KNOXVILLE, Tenn. — Some names, some stories, stick with you forever. The details fade, but the emotions remain.
"I did have strong feelings about the case and I’ll never forget her," said retired Knoxville Police Department detective James Winston. "She was an innocent little child and special."
It has been nearly four decades since Knoxville Police detective James Winston spoke at the funeral for 6-year-old Avery 'Peaches' Shorts. Time is no match for a mind that simply refuses to forget.
"I just wanted to do it for the community, I wanted to solve it. I wanted to put this guy, the suspect, in the electric chair," said Winston.
Nearly 40 years ago, 6-year-old Peaches disappeared. She left her Montgomery Village home to buy a soda for her mom from a convenience store. It was the day after Christmas in 1980. Peaches was used to wandering around her neighborhood and her neighbors were used to Peaches. Everyone called her by the nickname her mother had given her because of her rosy cheeks.
"Peaches goes down to the store and gets the Coke, but never returns," Winston said.
Search parties canvassed the ground as helicopters flew overhead. Peaches was missing for more than a day by the time Winston got the case. He says that hurt the investigation, but the police department put every resource they had into finding her. Hours turned to days, days to months, and months to more than a year. Still no sign of Peaches, no confession, and no arrests. Not even a psychic brought in by the police chief yielded any clues.
"I think at one time we had myself and 10 detectives. We met daily, we went over evidence, we talked with the community, we canvased the area, we did everything we could," said Winston. "We were within a mile of the area where her body was found, but we never had any luck."

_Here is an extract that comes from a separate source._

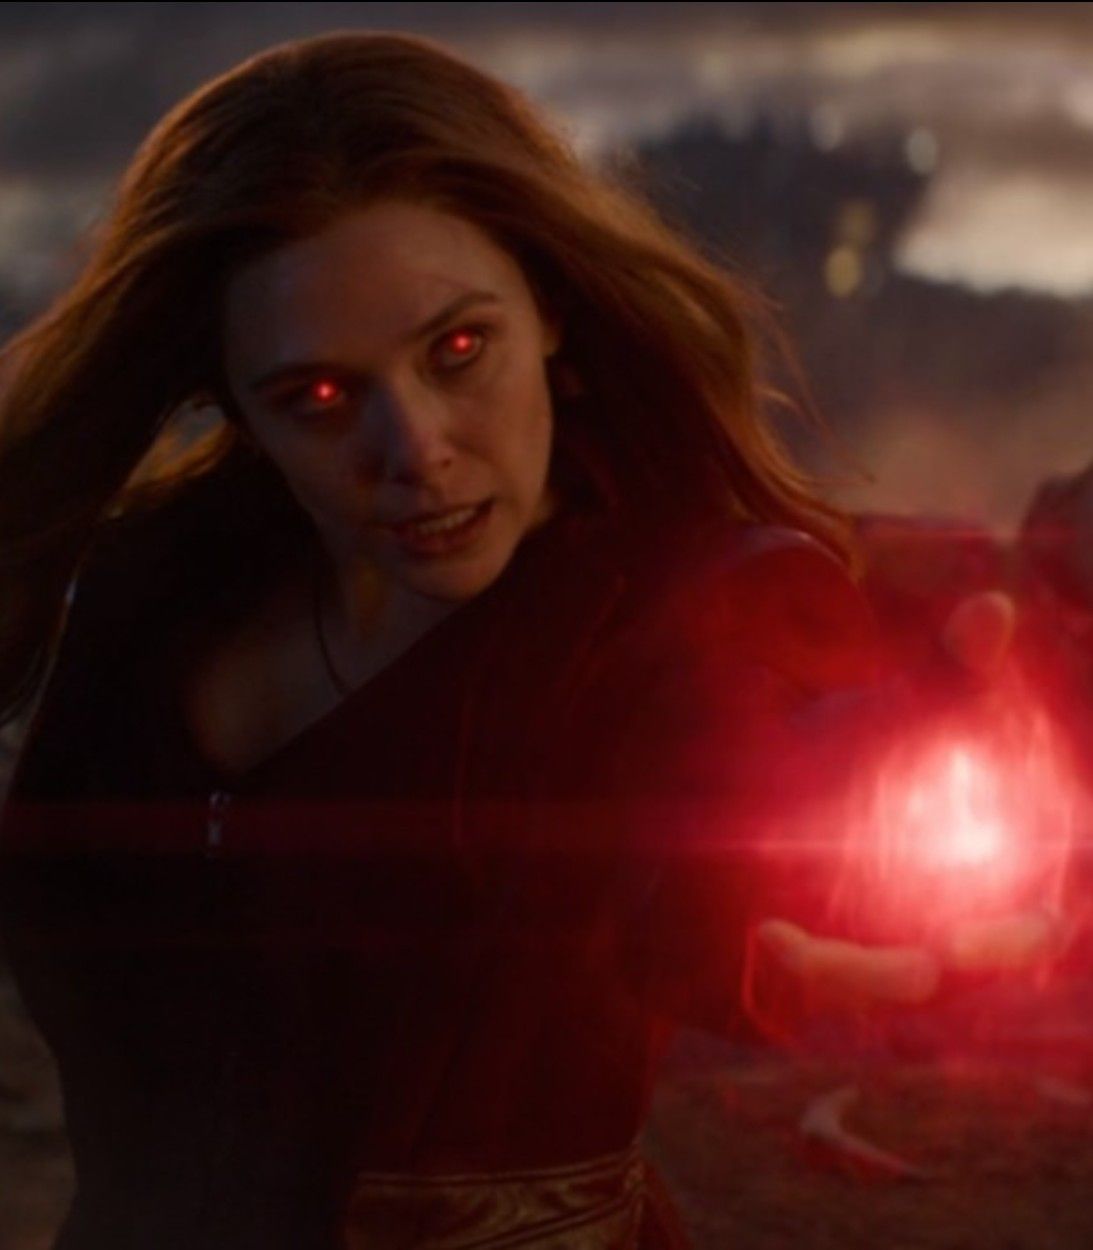 WandaVision Explores Scarlet Witch’s Past & Full Strength Powers

Then, on a frigid January day in 1982, a rabbit hunter and his dog came across a small body under a cattle chute just miles from where Peaches disappeared in a field in Blount County.
"It was a bitter cold night. The wind was blowing. They found a skull and they wanted me to identify that skull," said Dr. Bill Bass. "I’ve done a little over 700 cases in my career. You don’t remember all 700 of them nearly as well as Peaches Shorts."
Dr. Bass worked with the medical examiner's office to help identify human remains. The memory of that rosy cheeked 6-year-old is also forever stitched into Dr. Bass’ memory. He still keeps slides of the pictures he took 37 years earlier. A fence wire was found tied around her neck as police began scouring the area for clues.
"The clothing tells you it was winter. The branches have no leaves. The leaves are all dead," said Bass. "The person who did it did not leave much evidence."
So who killed Peaches Shorts? From day one, there was one main suspect.
"I put it together that this boyfriend was a major suspect in the case, Mitchell Reed," said Winston. "We ran down every lead we had -- no other abductions, no other molestation of children. It had to be him."
Winston says he believes Mitchel Reed killed Peaches to get back at her mother during an argument they were having.
Reed died a couple of years ago, never giving up any information he may have had.
There was never enough physical evidence to connect Reed to the murder.
"He beat the system, I guess you’d have to say, on this case," said Winston. "We couldn’t break him. He was a sly con man."
Nearly 40 years later, the case remains unsolved.